Short term traffic prediction (maximum of 1 h ahead), taking into account real time data, was also attempted. In this case, the historic data (five previous days flow data as input) was used along with the real-time data until the time of prediction on June 06, 2014. Both morning and evening peak period of June 06, 2014 were considered to check the model accuracy. For morning peak, the real time traffic flow data until 8.30 am was taken into account to provide prediction for the next 1 h duration (8.30–9.30 am). Similarly for evening peak period, the flow data until 5 pm was taken into account to predict the traffic flow from 5 to 6 pm. The plots of the predicted values against the measured/observed values are shown in Figs. 8 and 9 respectively. The MAPE between observed and predicted flow for morning and evening peak was found to be 4.37 and 3.83 respectively.

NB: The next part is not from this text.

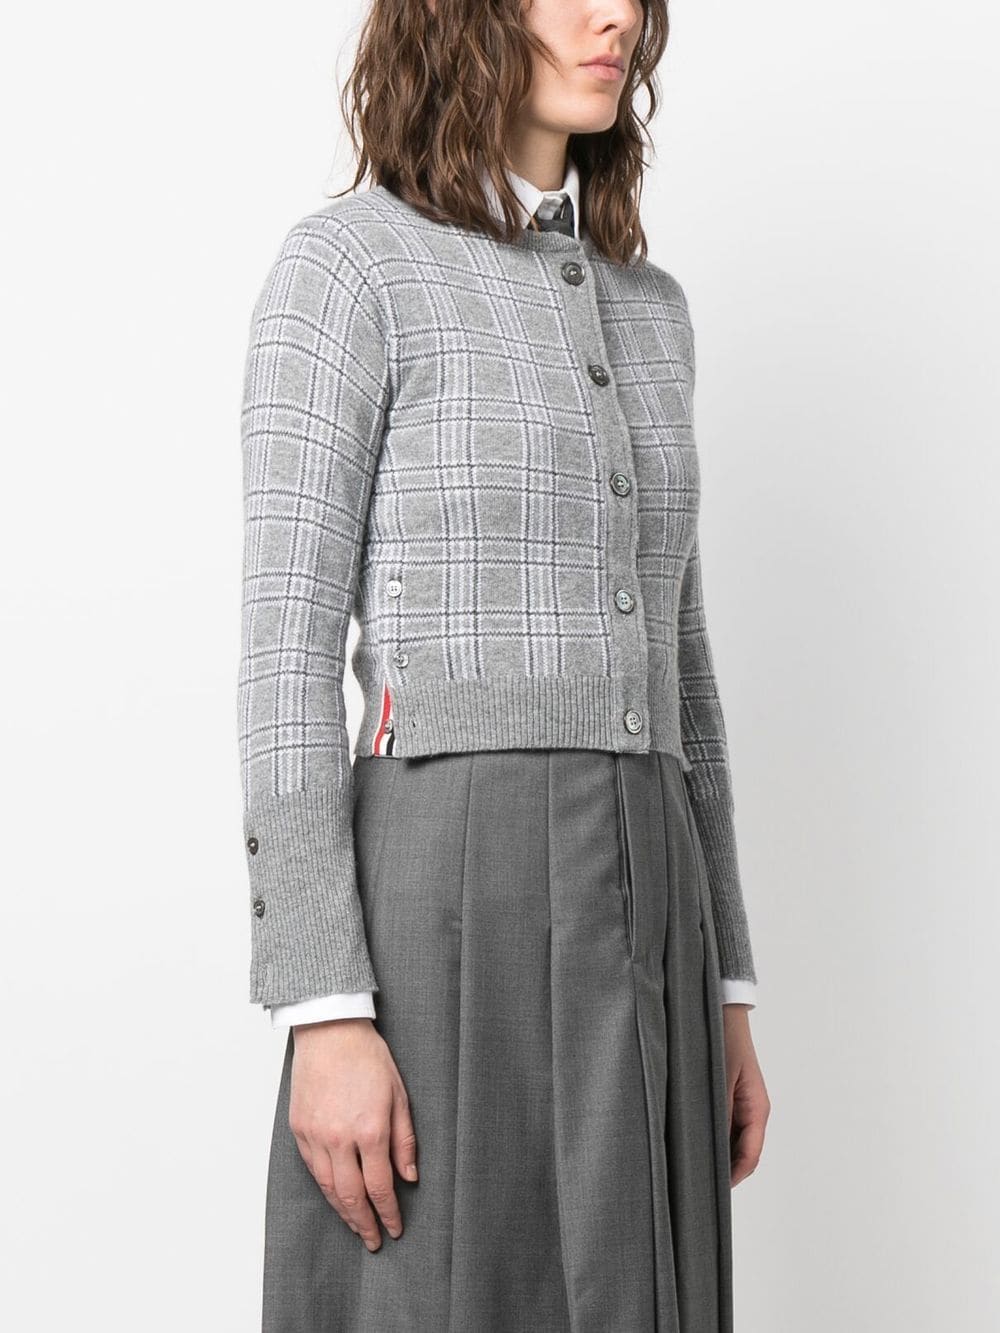 Thom Browne - Multi-Color Ribbon Tweed Frayed Variegated Rep Stripe Unconstructed Box Pleat Raglan Sleeve Jacket - 40 - White - Female

The results showed the better performance of the developed model in short term prediction of traffic flow when real time data also was taken into account.

Fig. 8
figure 8

Comparison of observed and predicted flow during morning peak hour

Fig. 9
figure 9

Comparison of observed and predicted flow during evening peak hour

6 Concluding remarks

Timely and accurate prediction of traffic flow is essential for proactive traffic management and control in Advanced Traffic Management Systems (ATMS) and real-time route guidance in Advanced Traveler Information Systems (ATIS). Among the techniques available for traffic flow prediction, time series analysis using ARIMA models is one of the most precise methods and SARIMA in particular is relevant to model traffic flow behavior. However, the main drawback of data driven approaches is the requirement of huge historical database for model development. For example, the reported studies on the use of SARIMA for flow prediction used flow data in the order of several months for development of the prediction scheme. Use of such huge database may restrict its application in places where the data availability could be an issue. Also, the storage and maintenance of the historical databases sometimes becomes a difficult task. It may also involve more computational time and resources for running the SARIMA model when the input time series is large. The present study tries to overcome the above issues by proposing a prediction scheme using SARIMA model for short term prediction of traffic flow using only limited input data. In the prediction scheme, only previous 3 days of flow observations was considered as input for predicting the next day (24 h. ahead forecast) flow values. Short term prediction of traffic flow during morning and evening peak periods was also attempted using both historic and real time data. The results were promising and the prediction scheme proposed in this study for traffic flow prediction could be considered in situations where database is a major constraint during model development using ARIMA.